We're all well aware of the joke involving beauty pageant contestants stating they want world peace.  Dressed to the nines, filling out every last inch of their skintight gowns, they wave at us and tell us their one wish would be world peace.  Most of us, knowing how complex and nearly impossible that wish is, laugh and snicker at their naivete.  World peace?  We live in a world with terrorists and human rights violations right on our own soil.  We have troops around the globe and young men and women dying in two ongoing wars.  We have given up many of our rights in favor of the supposed protection of something called the Patriot Act that has allowed our government to tap our phones, record our conversations, track our comings and goings, and even hold citizens for undefined periods of time if accused of certain crimes.  We have given these up, all in desperation to regain our safety.
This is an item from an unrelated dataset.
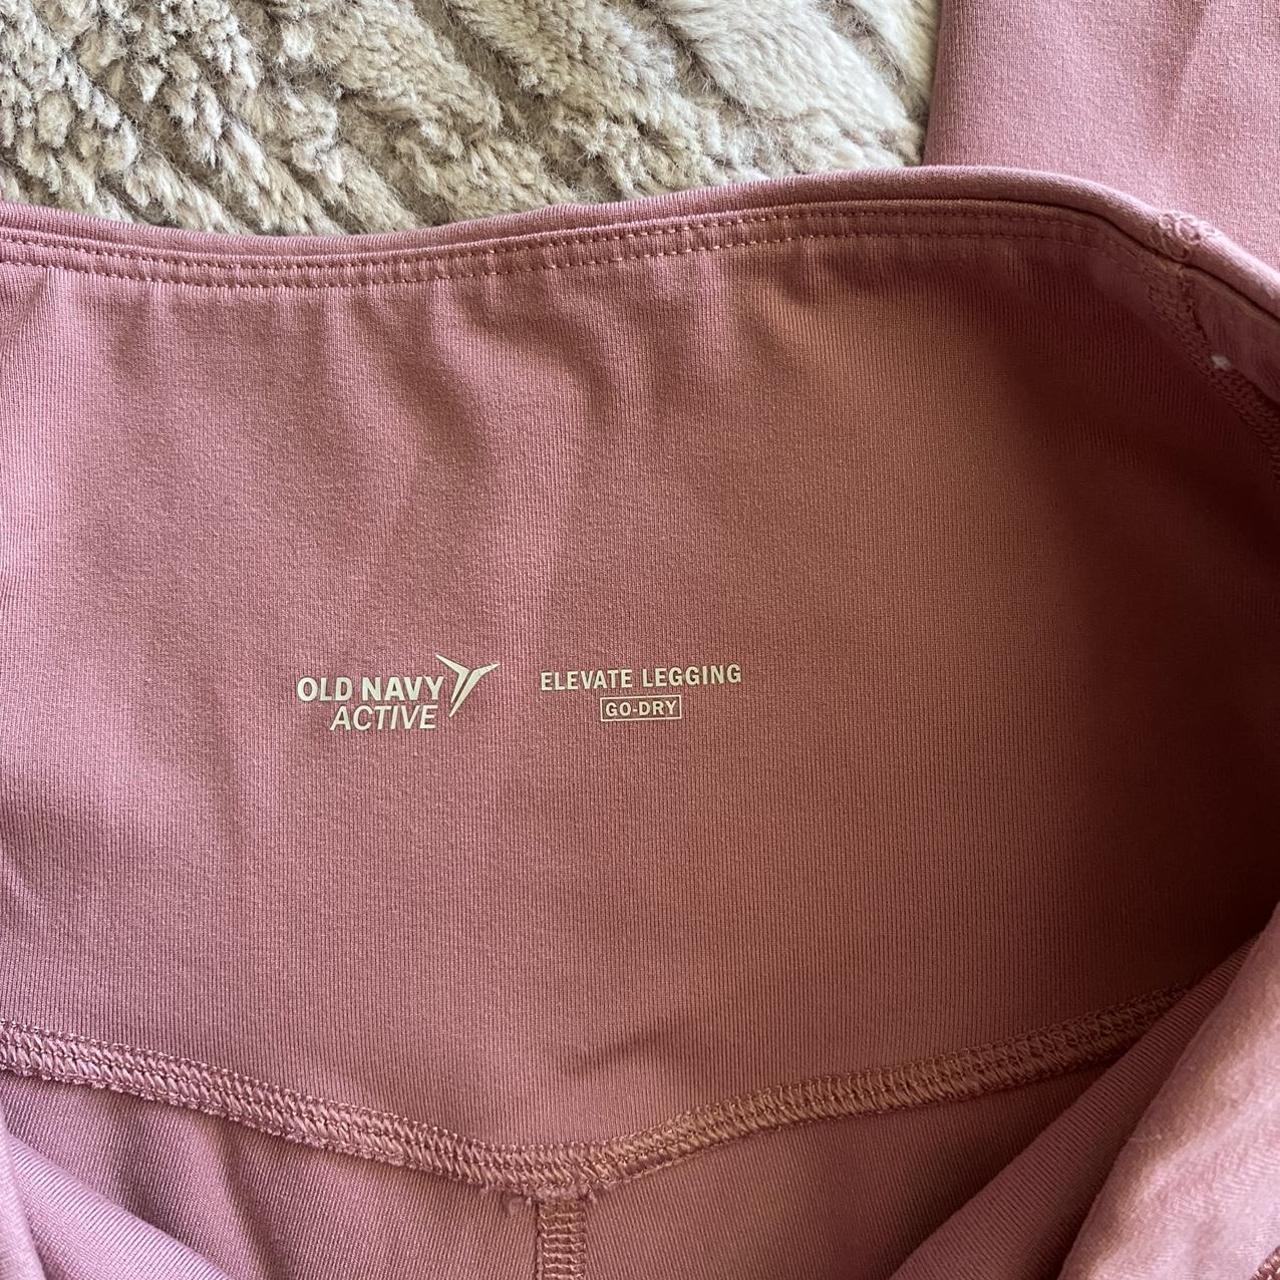 Old navy elevate leggings go dry color pink and - Depop

Tonight as I kiss my children goodnight I'm well aware that I could wake up tomorrow to experience backlash to the death of the leader of al-Qaeda.  But I dare to dream that somehow between now and when my children are grown, they will learn lessons of respect, of kindness, of love that will help them to understand those that are different and appreciate those differences.  Tonight, as I kiss them goodnight,  I pray for their ability to follow the path Christ has laid out for them, to love thy neighbor as He has loved us.  And with that kiss, I dare to believe in the impossible, in that which we scoff at, dressed in too much hairspray and too fancy dresses.  I dare to believe in world peace for our children.

It may never happen, but the one thing I know for sure is that if we are convinced it won't happen, it never will.  It doesn't hurt to believe.